- **Provided records**:
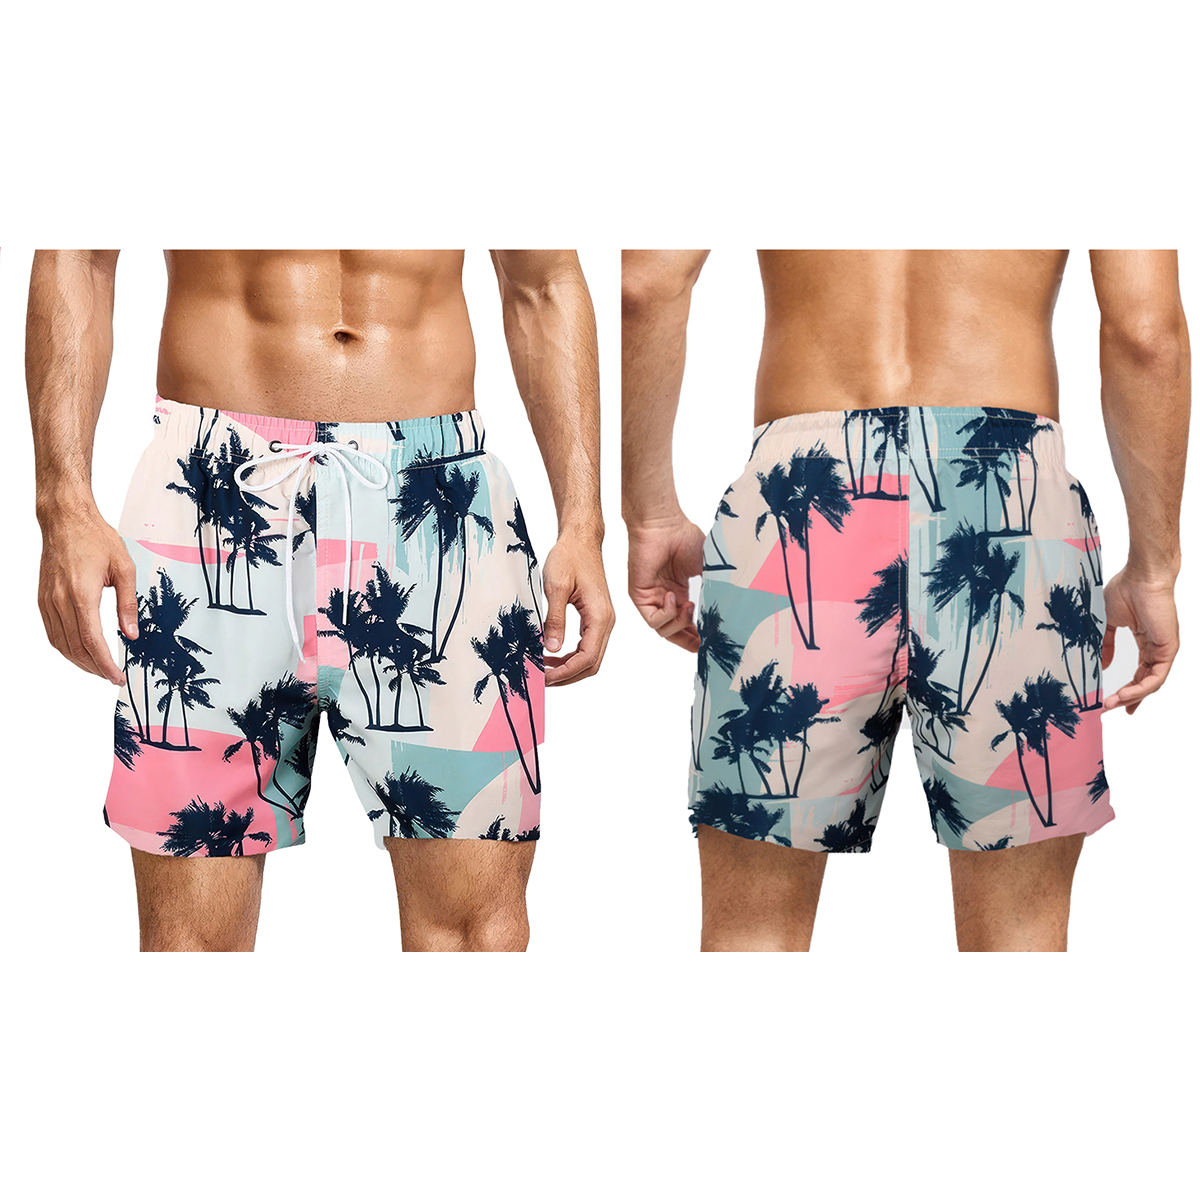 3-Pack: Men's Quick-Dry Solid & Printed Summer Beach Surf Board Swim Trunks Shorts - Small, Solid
...
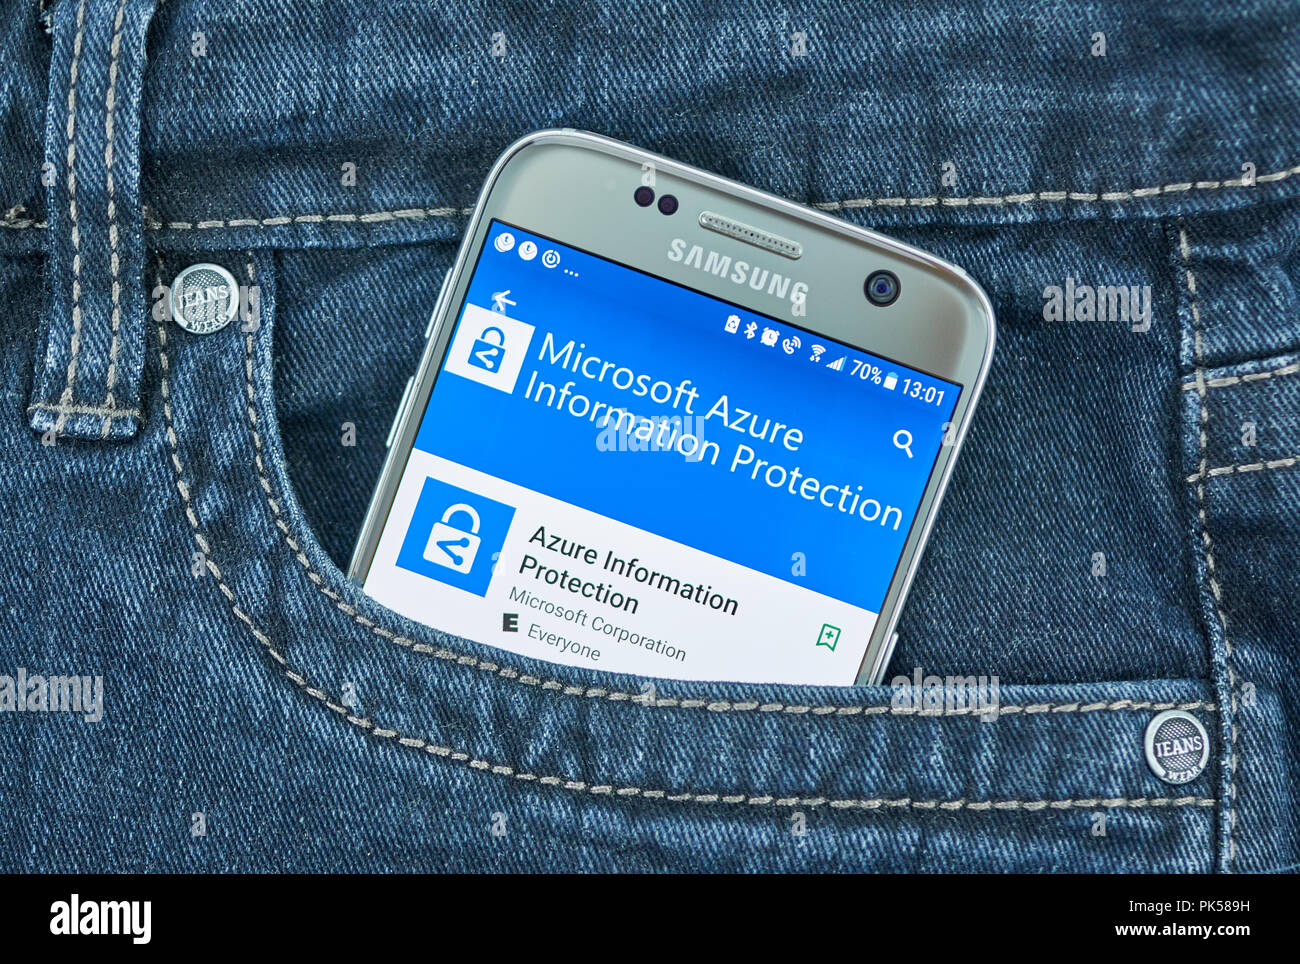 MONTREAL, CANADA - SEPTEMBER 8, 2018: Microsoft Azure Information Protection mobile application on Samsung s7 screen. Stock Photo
==
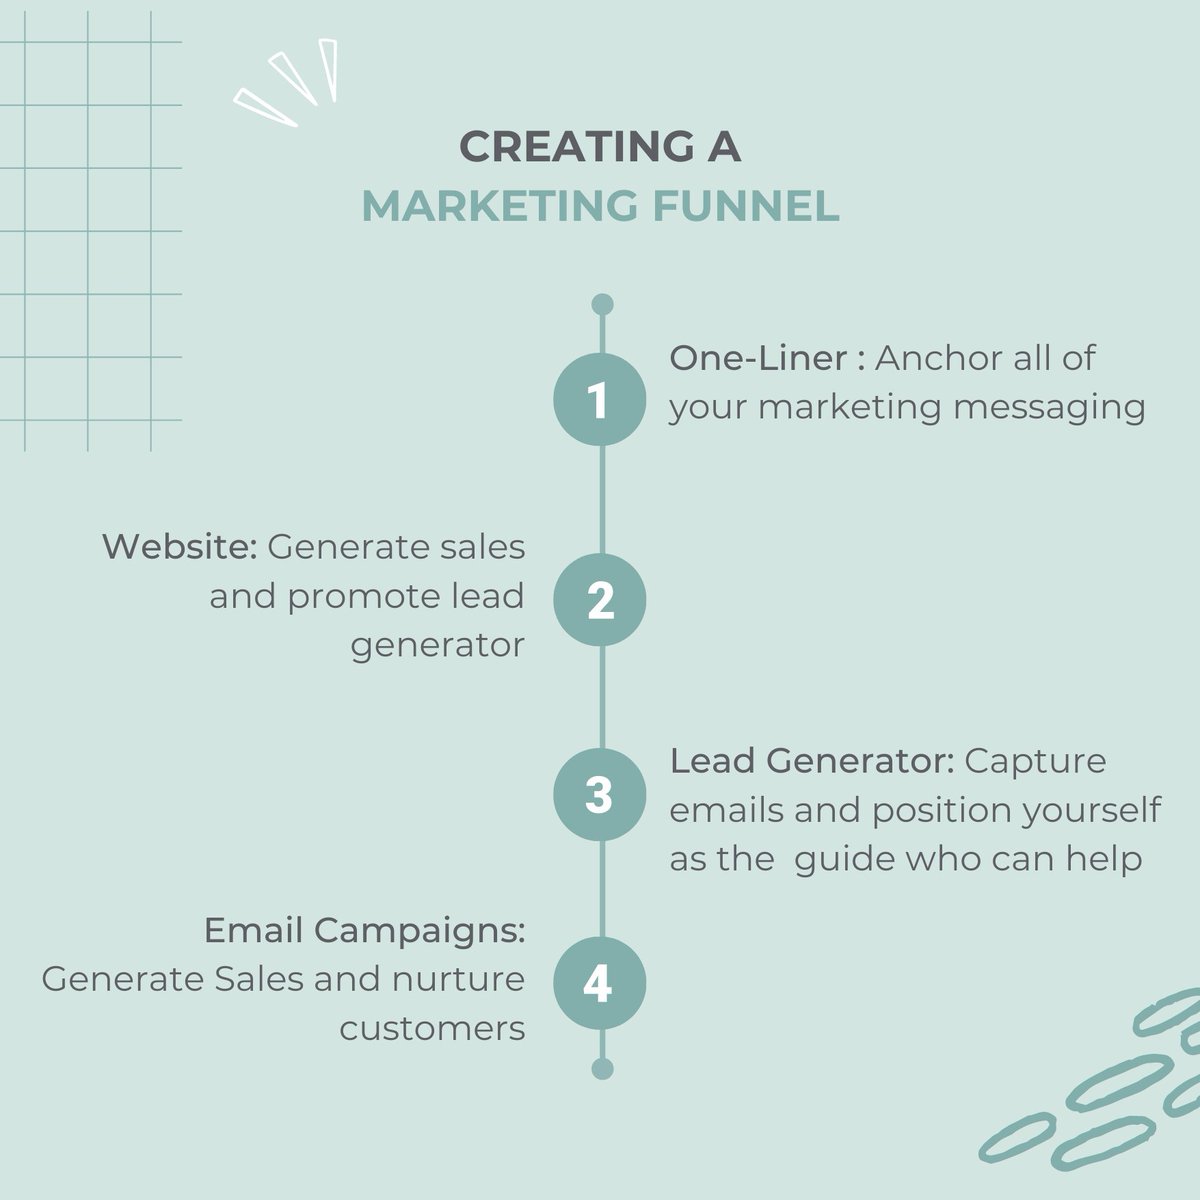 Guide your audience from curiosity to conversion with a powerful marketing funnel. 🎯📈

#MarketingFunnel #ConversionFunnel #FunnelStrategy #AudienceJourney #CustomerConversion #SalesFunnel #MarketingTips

- **Task instructions**: Look above for the line holding "Guide your audience" and output everything from it down to the line holding "#MarketingFunnel #ConversionFunnel #FunnelStrategy", both ends included, exactly and without images.

- **Your response**:
 Guide your audience from curiosity to conversion with a powerful marketing funnel. 🎯📈

#MarketingFunnel #ConversionFunnel #FunnelStrategy #AudienceJourney #CustomerConversion #SalesFunnel #MarketingTips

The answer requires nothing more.